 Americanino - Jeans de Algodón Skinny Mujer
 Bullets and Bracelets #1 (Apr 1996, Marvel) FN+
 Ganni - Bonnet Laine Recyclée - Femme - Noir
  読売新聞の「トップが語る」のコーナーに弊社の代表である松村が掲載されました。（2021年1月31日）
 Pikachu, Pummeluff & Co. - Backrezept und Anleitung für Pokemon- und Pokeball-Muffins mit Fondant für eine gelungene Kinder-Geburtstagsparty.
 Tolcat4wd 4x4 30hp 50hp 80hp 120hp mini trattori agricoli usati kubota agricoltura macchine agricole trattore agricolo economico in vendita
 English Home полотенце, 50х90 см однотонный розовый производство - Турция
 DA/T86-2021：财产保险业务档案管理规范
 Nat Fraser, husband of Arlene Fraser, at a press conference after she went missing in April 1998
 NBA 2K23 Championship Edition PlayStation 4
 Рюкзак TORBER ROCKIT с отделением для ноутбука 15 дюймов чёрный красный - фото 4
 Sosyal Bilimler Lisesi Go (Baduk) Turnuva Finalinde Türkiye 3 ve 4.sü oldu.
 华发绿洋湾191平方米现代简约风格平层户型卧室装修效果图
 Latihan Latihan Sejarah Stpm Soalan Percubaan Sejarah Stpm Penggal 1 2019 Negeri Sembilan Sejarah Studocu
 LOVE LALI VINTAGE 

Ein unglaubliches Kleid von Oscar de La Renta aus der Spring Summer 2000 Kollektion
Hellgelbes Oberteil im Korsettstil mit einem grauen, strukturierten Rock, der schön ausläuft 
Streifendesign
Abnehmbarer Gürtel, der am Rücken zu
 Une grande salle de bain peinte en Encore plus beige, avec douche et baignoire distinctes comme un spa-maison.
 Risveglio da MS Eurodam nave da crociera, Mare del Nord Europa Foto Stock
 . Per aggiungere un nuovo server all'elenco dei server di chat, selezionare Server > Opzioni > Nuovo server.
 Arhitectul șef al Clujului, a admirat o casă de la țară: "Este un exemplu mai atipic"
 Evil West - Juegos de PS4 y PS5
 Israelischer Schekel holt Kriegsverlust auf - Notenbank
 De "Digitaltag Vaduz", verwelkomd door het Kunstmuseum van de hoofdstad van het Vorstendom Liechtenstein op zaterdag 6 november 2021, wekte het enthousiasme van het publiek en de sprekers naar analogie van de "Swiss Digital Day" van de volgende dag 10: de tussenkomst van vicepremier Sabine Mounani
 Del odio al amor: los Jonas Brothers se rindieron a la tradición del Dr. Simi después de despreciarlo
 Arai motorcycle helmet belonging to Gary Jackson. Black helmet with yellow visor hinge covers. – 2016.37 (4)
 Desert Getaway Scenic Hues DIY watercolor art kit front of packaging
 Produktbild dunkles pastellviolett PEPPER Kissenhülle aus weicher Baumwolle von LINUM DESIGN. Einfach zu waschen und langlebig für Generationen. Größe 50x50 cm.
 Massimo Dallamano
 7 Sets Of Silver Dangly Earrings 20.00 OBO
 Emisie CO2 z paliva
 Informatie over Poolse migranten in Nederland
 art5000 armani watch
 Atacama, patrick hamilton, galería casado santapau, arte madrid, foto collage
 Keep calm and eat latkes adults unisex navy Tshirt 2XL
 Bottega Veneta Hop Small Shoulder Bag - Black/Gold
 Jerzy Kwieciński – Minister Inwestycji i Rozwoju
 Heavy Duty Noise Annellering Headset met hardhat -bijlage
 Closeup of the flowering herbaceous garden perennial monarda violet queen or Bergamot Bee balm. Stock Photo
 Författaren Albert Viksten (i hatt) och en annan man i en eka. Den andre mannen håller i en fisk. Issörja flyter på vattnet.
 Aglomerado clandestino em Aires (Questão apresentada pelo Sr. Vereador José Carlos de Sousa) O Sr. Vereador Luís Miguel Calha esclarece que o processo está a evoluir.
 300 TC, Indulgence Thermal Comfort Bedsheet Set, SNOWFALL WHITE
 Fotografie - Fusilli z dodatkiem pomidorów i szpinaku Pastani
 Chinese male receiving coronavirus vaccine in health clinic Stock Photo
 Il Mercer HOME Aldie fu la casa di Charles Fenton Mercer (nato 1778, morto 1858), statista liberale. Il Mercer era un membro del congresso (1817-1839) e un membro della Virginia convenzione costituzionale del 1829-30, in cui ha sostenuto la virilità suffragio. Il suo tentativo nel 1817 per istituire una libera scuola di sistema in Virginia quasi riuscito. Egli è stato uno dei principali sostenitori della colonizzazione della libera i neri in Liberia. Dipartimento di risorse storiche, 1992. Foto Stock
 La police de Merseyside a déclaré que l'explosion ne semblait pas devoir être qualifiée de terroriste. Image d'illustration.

--- Your assignment ---
Only the lines above from the one with "vicepremier Sabine Mounani" up to and including the one with "Chinese male receiving" should be repeated, exactly as written.

--- The answer ---
 De "Digitaltag Vaduz", verwelkomd door het Kunstmuseum van de hoofdstad van het Vorstendom Liechtenstein op zaterdag 6 november 2021, wekte het enthousiasme van het publiek en de sprekers naar analogie van de "Swiss Digital Day" van de volgende dag 10: de tussenkomst van vicepremier Sabine Mounani
 Del odio al amor: los Jonas Brothers se rindieron a la tradición del Dr. Simi después de despreciarlo
 Arai motorcycle helmet belonging to Gary Jackson. Black helmet with yellow visor hinge covers. – 2016.37 (4)
 Desert Getaway Scenic Hues DIY watercolor art kit front of packaging
 Produktbild dunkles pastellviolett PEPPER Kissenhülle aus weicher Baumwolle von LINUM DESIGN. Einfach zu waschen und langlebig für Generationen. Größe 50x50 cm.
 Massimo Dallamano
 7 Sets Of Silver Dangly Earrings 20.00 OBO
 Emisie CO2 z paliva
 Informatie over Poolse migranten in Nederland
 art5000 armani watch
 Atacama, patrick hamilton, galería casado santapau, arte madrid, foto collage
 Keep calm and eat latkes adults unisex navy Tshirt 2XL
 Bottega Veneta Hop Small Shoulder Bag - Black/Gold
 Jerzy Kwieciński – Minister Inwestycji i Rozwoju
 Heavy Duty Noise Annellering Headset met hardhat -bijlage
 Closeup of the flowering herbaceous garden perennial monarda violet queen or Bergamot Bee balm. Stock Photo
 Författaren Albert Viksten (i hatt) och en annan man i en eka. Den andre mannen håller i en fisk. Issörja flyter på vattnet.
 Aglomerado clandestino em Aires (Questão apresentada pelo Sr. Vereador José Carlos de Sousa) O Sr. Vereador Luís Miguel Calha esclarece que o processo está a evoluir.
 300 TC, Indulgence Thermal Comfort Bedsheet Set, SNOWFALL WHITE
 Fotografie - Fusilli z dodatkiem pomidorów i szpinaku Pastani
 Chinese male receiving coronavirus vaccine in health clinic Stock Photo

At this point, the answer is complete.